Understand that it may be difficult.
Your friend will probably experience a lot of emotional ups and downs as they adjust to a life of sobriety. Do what you can to be there for them while still maintaining your own boundaries. Basically, just try to be understanding and empathetic.
Don’t drink or use around them.
This should be a given, but some people need a reminder. The first year of sobriety is usually the most challenging, being around people who are drinking makes it even worse. Even if your friend says they don’t mind if you drink around them, don’t do it. Chances are they are just saying that because they don’t want to make you feel uncomfortable or feel like a burden. If you really care about your friend, then respect their sobriety and avoid drinking around them without making it seem like a big deal to you. If you are unable to do this, then it might be a good idea to examine your own relationship with alcohol.

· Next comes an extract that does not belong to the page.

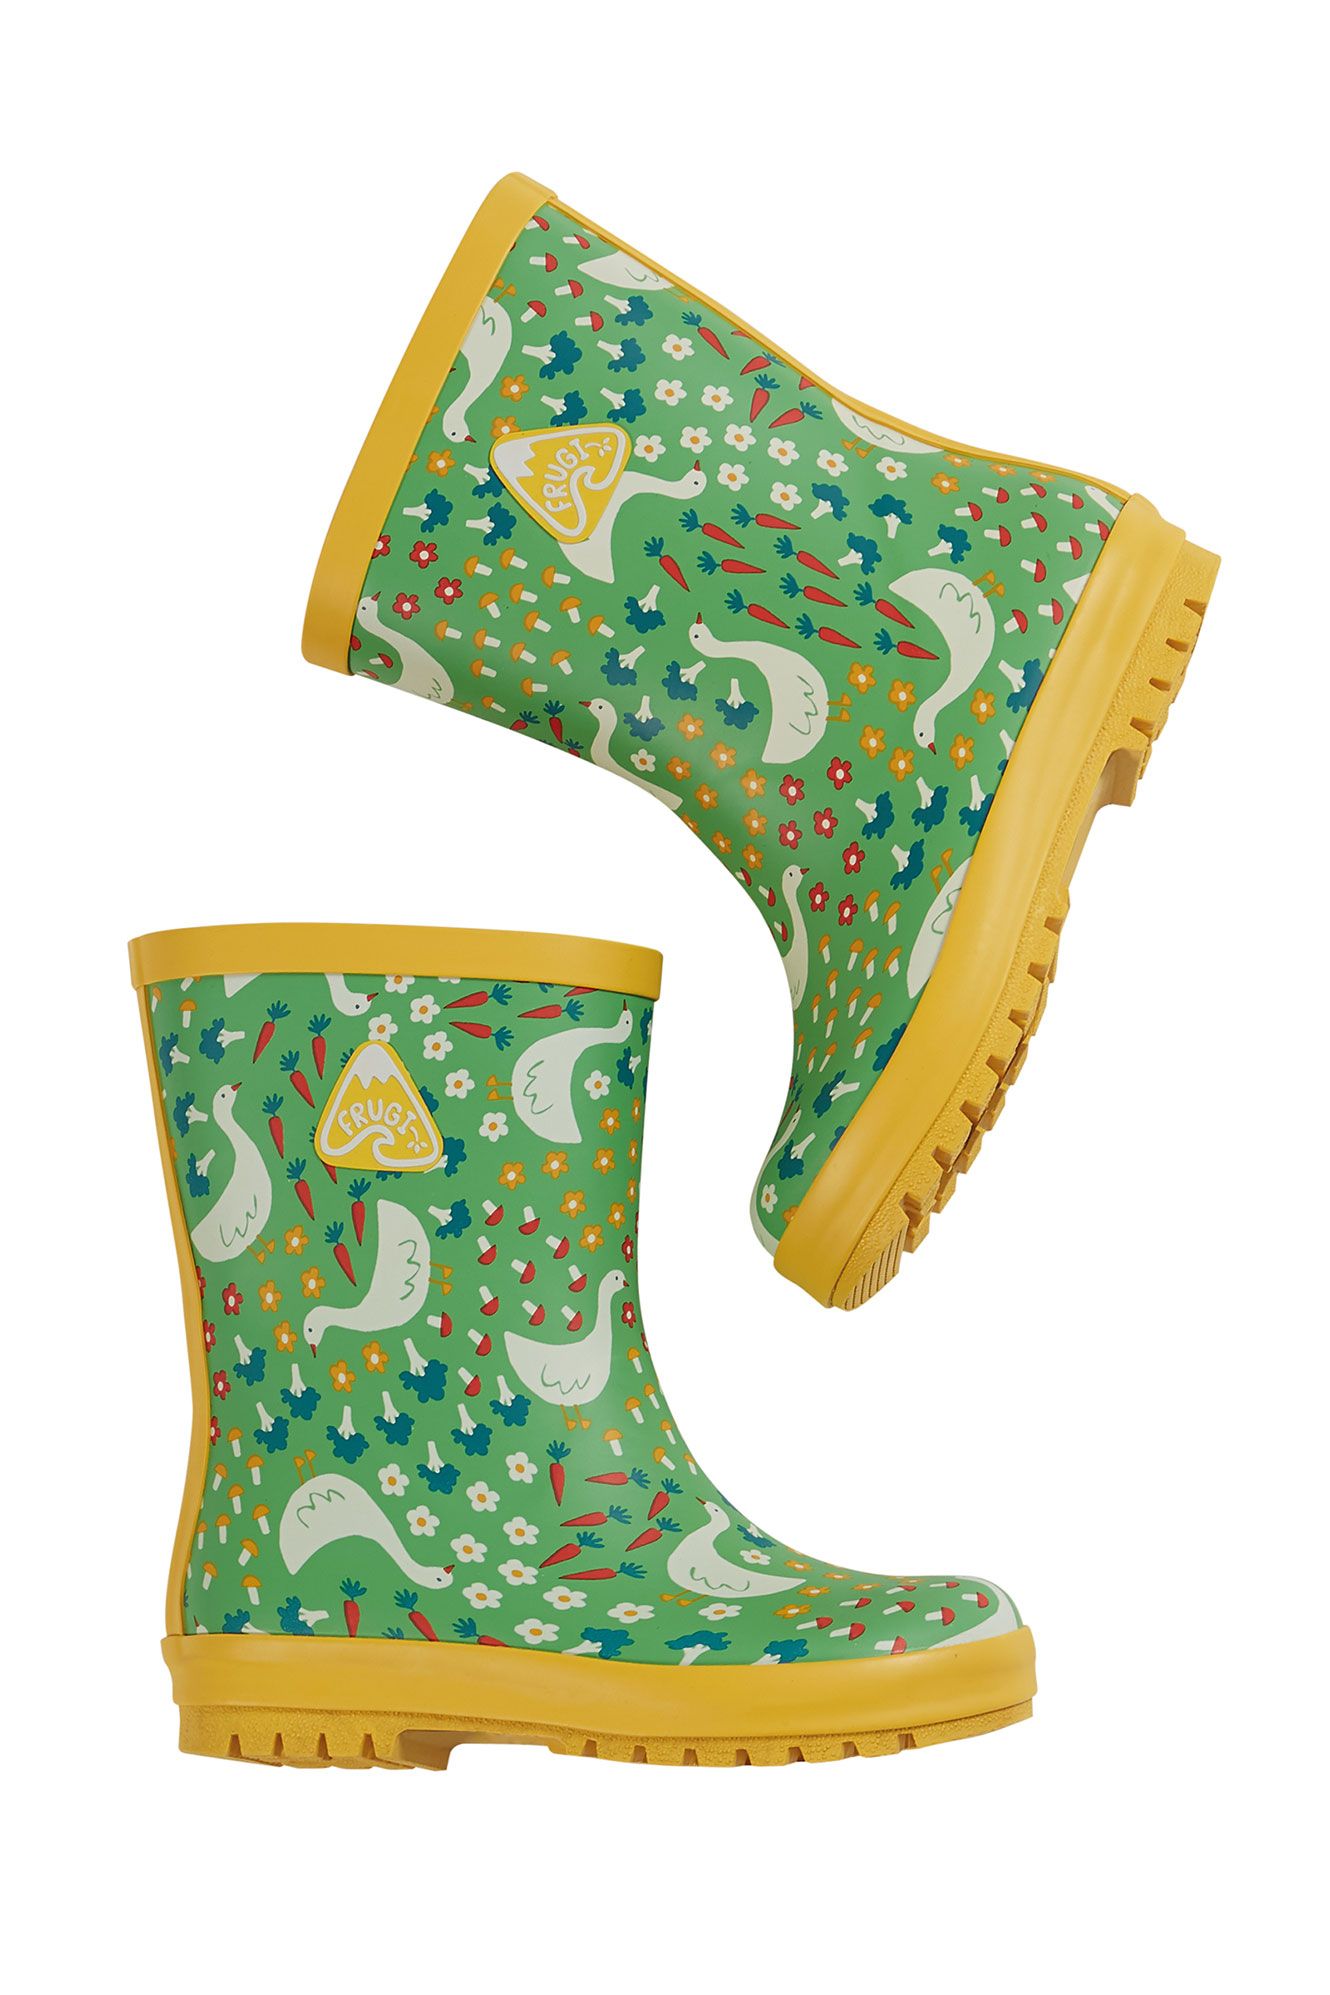 Puddle Buster Wellington Boots

Invite them to get-togethers but don’t invite them to bars.
One of the worst places for someone to go when they are new to recovery is a bar. There is too much temptation, and honestly, it is really uncomfortable. If you want to watch a game and still include your friend, maybe try doing so in a different setting that doesn’t revolve around drinking. It is also important to still invite your friend to other social get-togethers as well. A person in recovery may feel like an outcast at times, and not being invited to things makes this feeling even worse.
Understand that they need to enforce new boundaries.
One of the most essential aspects of living a sober lifestyle is learning how to establish and maintain healthy boundaries. Your friend may ask that you no longer drink around them, please respect this. They may say no thank you to going out to parties with you, don’t take this personally. Understand that setting boundaries can be a difficult process, sometimes just asking what they need from you can make the whole situation a lot less difficult.
Life after treatment can be discouraging at times in a culture that glorifies drug and alcohol use. It can be hard to see alcohol advertisements and movies that make drug use seem fun. Try to be as encouraging as you can for your friend and remind them that they are doing what is best for their own particular situation.
Do your best not to make it awkward.
Sometimes it can be hard to be around people when recovering from addiction. There is the fear of judgment and sometimes embarrassment. As much as you are able to, try not to make it awkward for your friend. If they want to talk about it, by all means, be there for them, but otherwise, don’t keep bringing it up. Understand that your friend is still the same person you knew before, they are just working on bettering themselves.
While each individual is ultimately responsible for their own thoughts and actions, there are things we can all do to be good friends to one another. If you have a friend who is new to the sobriety thing doing what you can to support them is simply a matter of being a good friend.